Он присоединился ко мне чуть погодя. Мы покурили вместе, поговорили о погоде, общих знакомых, особенно много — о моем хитром телефоне почему–то. Я смотрел ему в глаза и улыбался.

Потом заторопился («дела!») и ушел. А он заговорил о разводе. Заявил, что завтра пойдет к юристу. И так далее.

Еще сказал: «Как в анекдоте — муж приходит с работы…» И спросил: «Могу я поинтересоваться, давно это у вас?..» Она отрезала: «Нет, не можешь».

Я снова покурил в скверике, у меня горели уши. Потом поднялся со скамейки и действительно отправился по делам, на ходу надевая галстук через голову.

Муж две ночи не ночевал дома.

9

Летом всегда тяжело. Сходятся обстоятельства — как Сцилла и Харибда; газеты разоряются, заказчики скупеют, квартира дорожает… А зимние деньги кончаются — хочется сказать, так и не успев начаться.

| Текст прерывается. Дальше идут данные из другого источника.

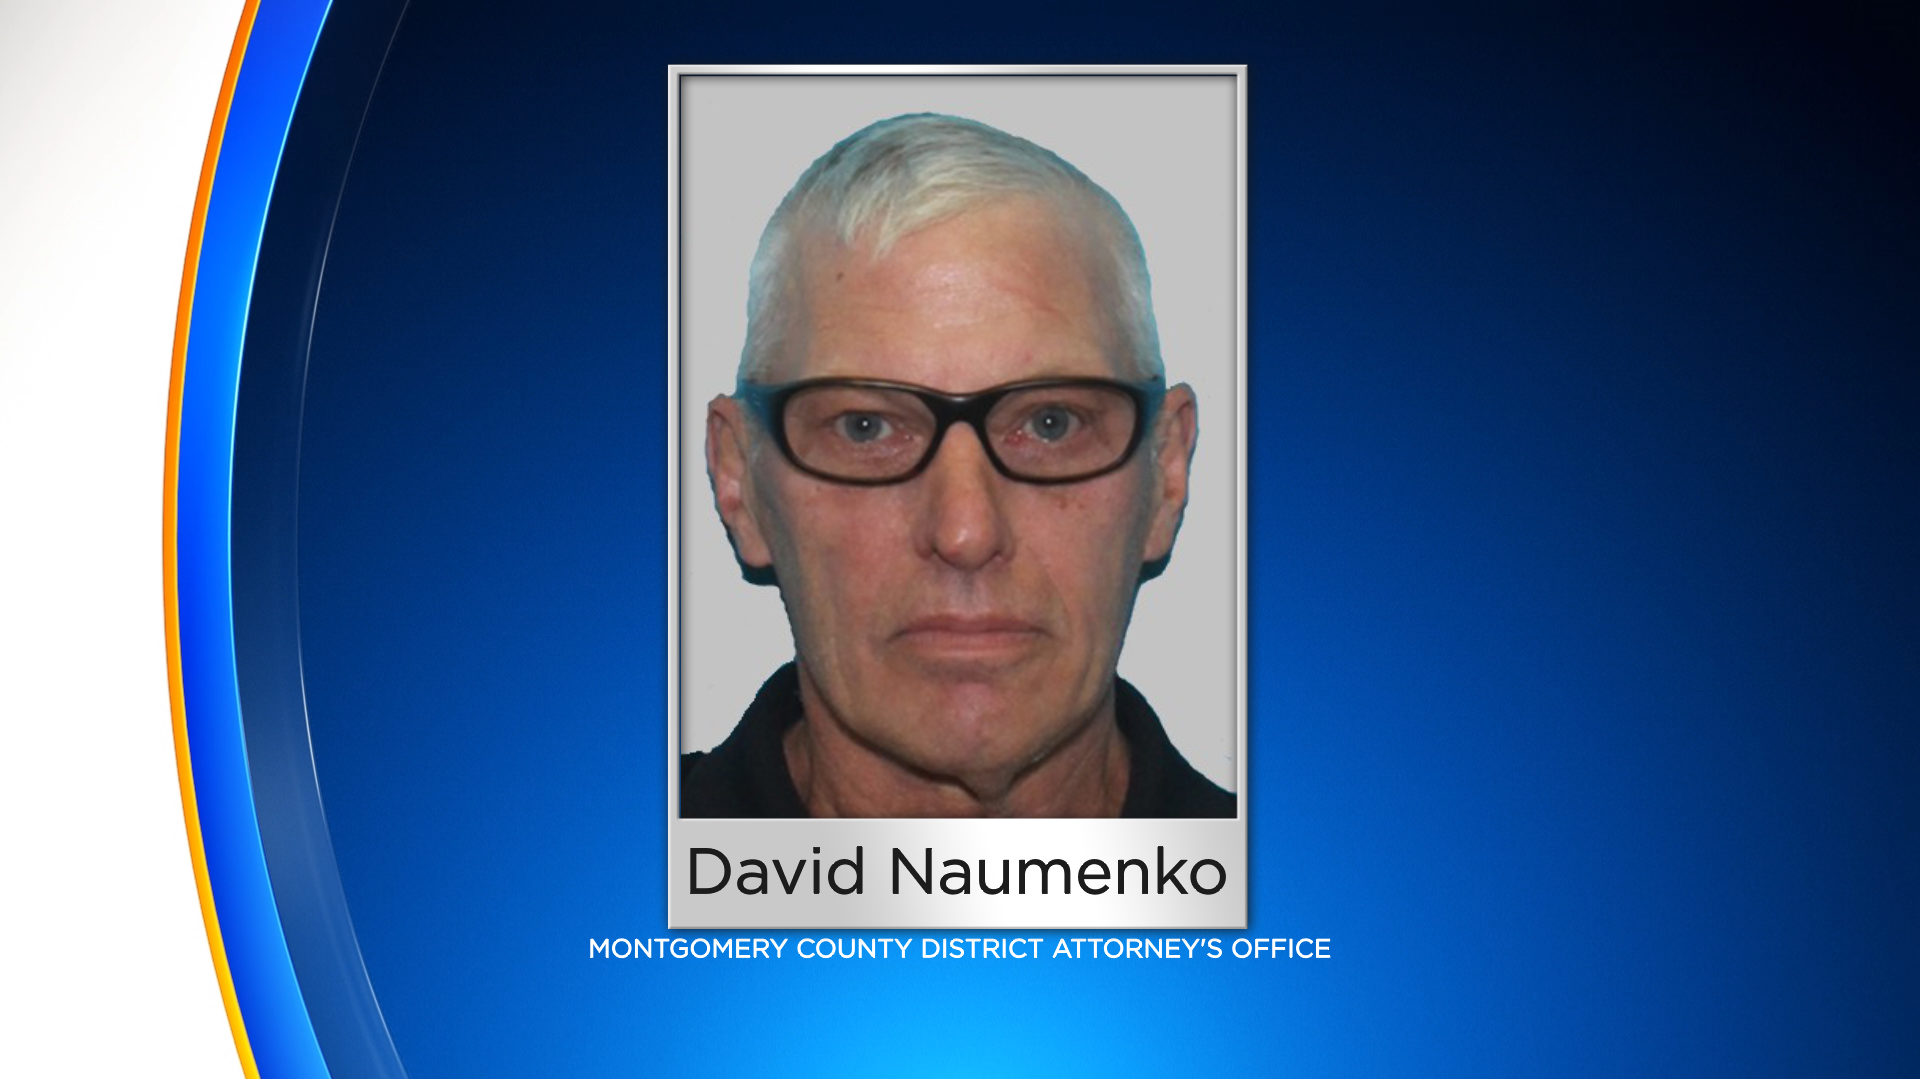 David Naumenko Faces Multiple Felony Charges After Allegedly Firing Shots At Police In Upper Providence Township

Лето — пустой холодильник, пустые штаны. Комар на голом брюхе. Пьяные зомби на улицах. Кровь. Солнце — кровь, луна — больная кровь… Луна — мучной червь…

В подобном аду заниматься «делами», устраивать «дела» — все равно, что в костюме клерка восседать на горе черепов с пылающими и тлеющими глазницами. Вычислять на компьютере, сколько тебе жить осталось. Летний бизнес — саднит…

Мы сидим в кафе, где можно курить, пьем кофе «по–восточному». У нее красные глаза — не высыпается. Во–первых, сессия; во–вторых, полночи проревела. Ей страшно. У нее кончились деньги и сигареты. Я сбежал с работы, чтобы дать ей денег и развлечь.

Мы обсуждаем будущую жизнь. Никаких друзей–мужчин — для нее; никаких дверей, запирающихся изнутри… Чувствую себя веселым и бесчеловечным: газета опять на грани закрытия, а я — на краю нищеты. Начальнички — это запретное, вурдалацкое, зэковское словечко все чаще просится мне на язык. «Начальничек» — можно сказать презрительно, ласково, угрожающе… Какие уроды распоряжаются моей жизнью. Сброд авантюристов, недотеп и маньяков, вымещающих на мне, умном и здоровом, свою органическую неспособность к поддержанию чего–либо в должном состоянии достаточно долгое время. Всех делов — начать и кончить; а кончают они на лету, опрыскивая прохожих…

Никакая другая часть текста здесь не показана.